Required work:
Please produce an exact copy of only the lines from the one with "ダーク 不気味 ヒップホップ トラップの未再生の波形" through the last one of the material, without pictures.

Raw data:

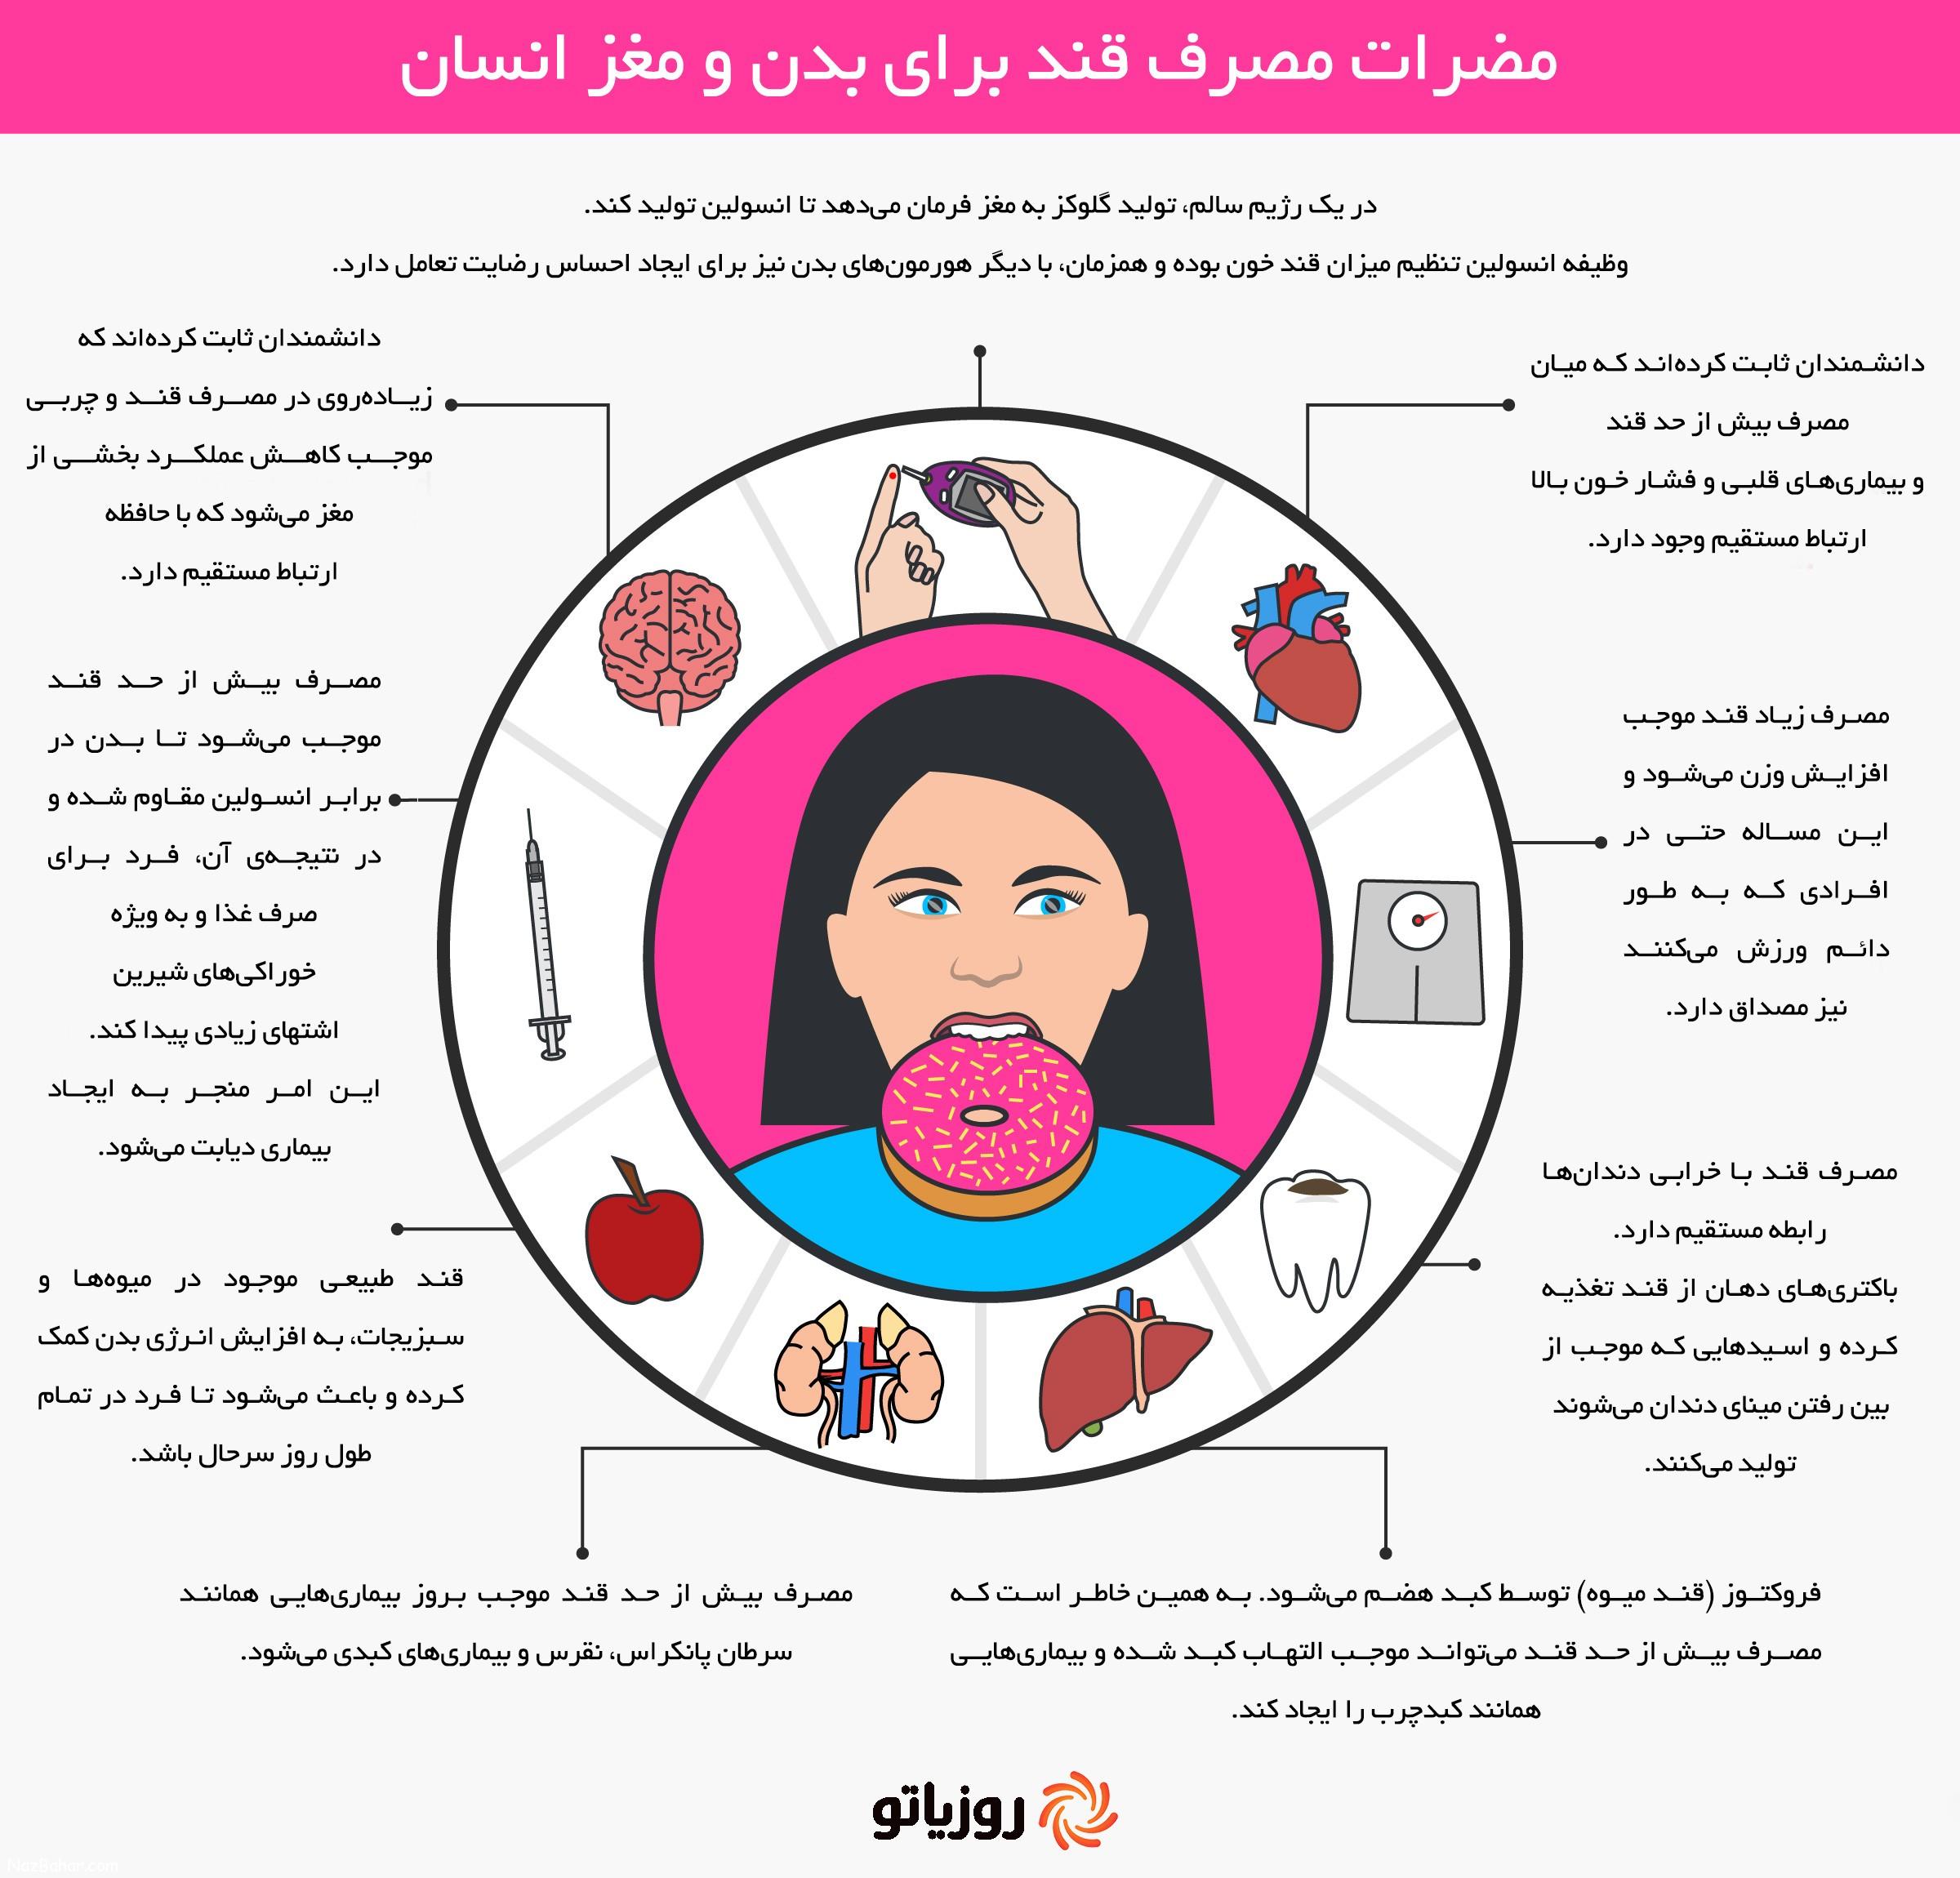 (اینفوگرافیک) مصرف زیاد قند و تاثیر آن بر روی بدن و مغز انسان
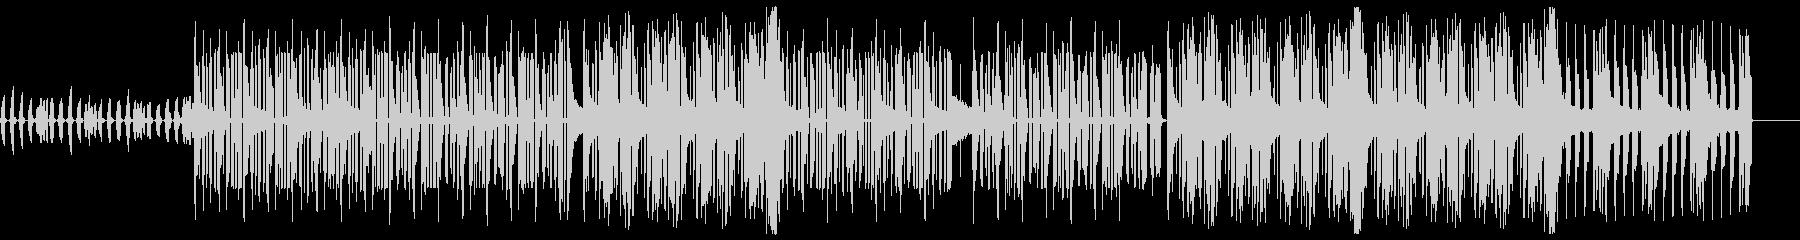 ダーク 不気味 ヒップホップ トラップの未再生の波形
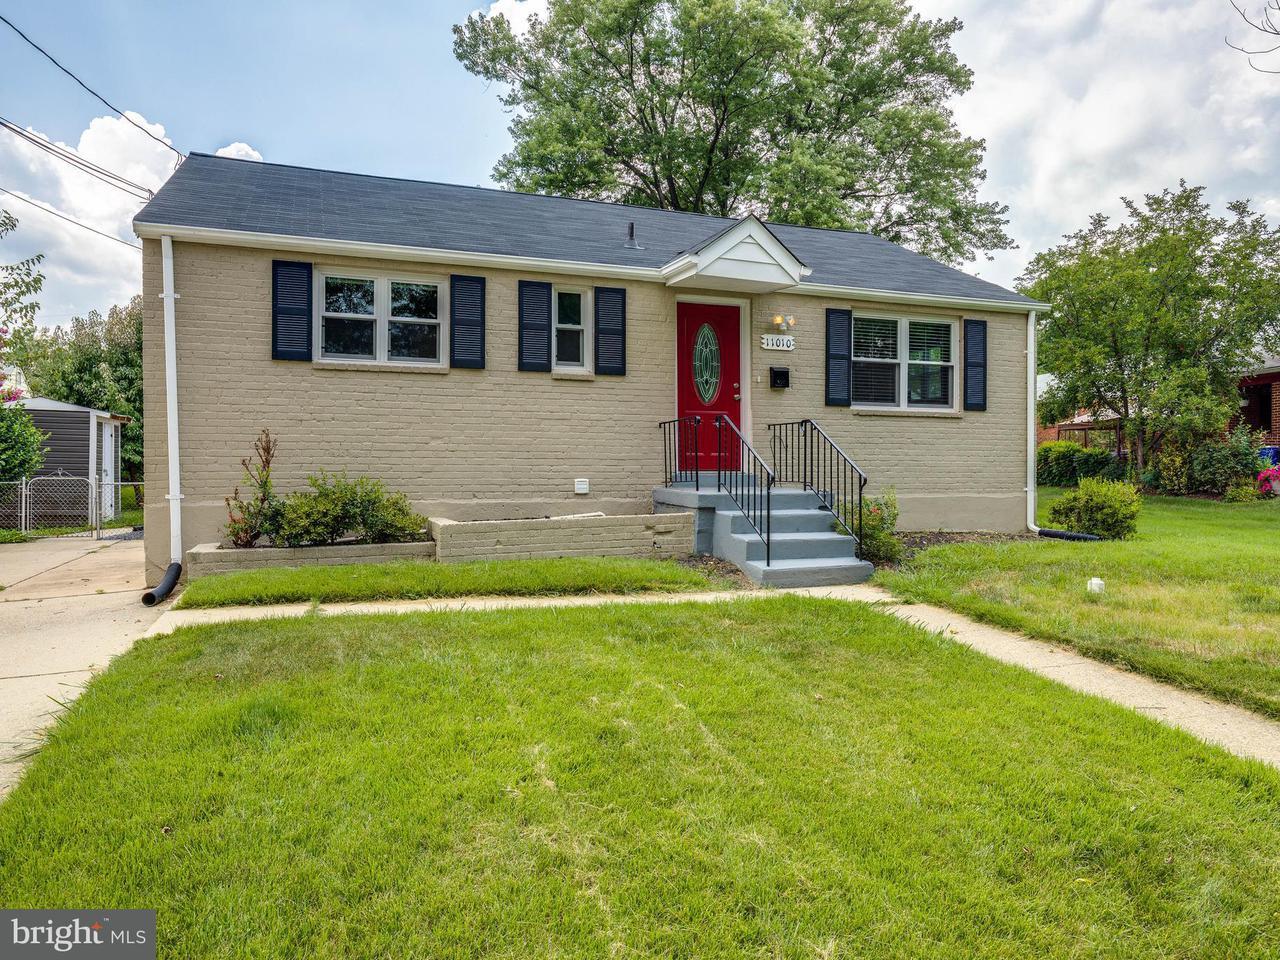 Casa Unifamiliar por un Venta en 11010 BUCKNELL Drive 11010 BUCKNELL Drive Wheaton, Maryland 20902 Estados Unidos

Solution:
 ダーク 不気味 ヒップホップ トラップの未再生の波形
 Casa Unifamiliar por un Venta en 11010 BUCKNELL Drive 11010 BUCKNELL Drive Wheaton, Maryland 20902 Estados Unidos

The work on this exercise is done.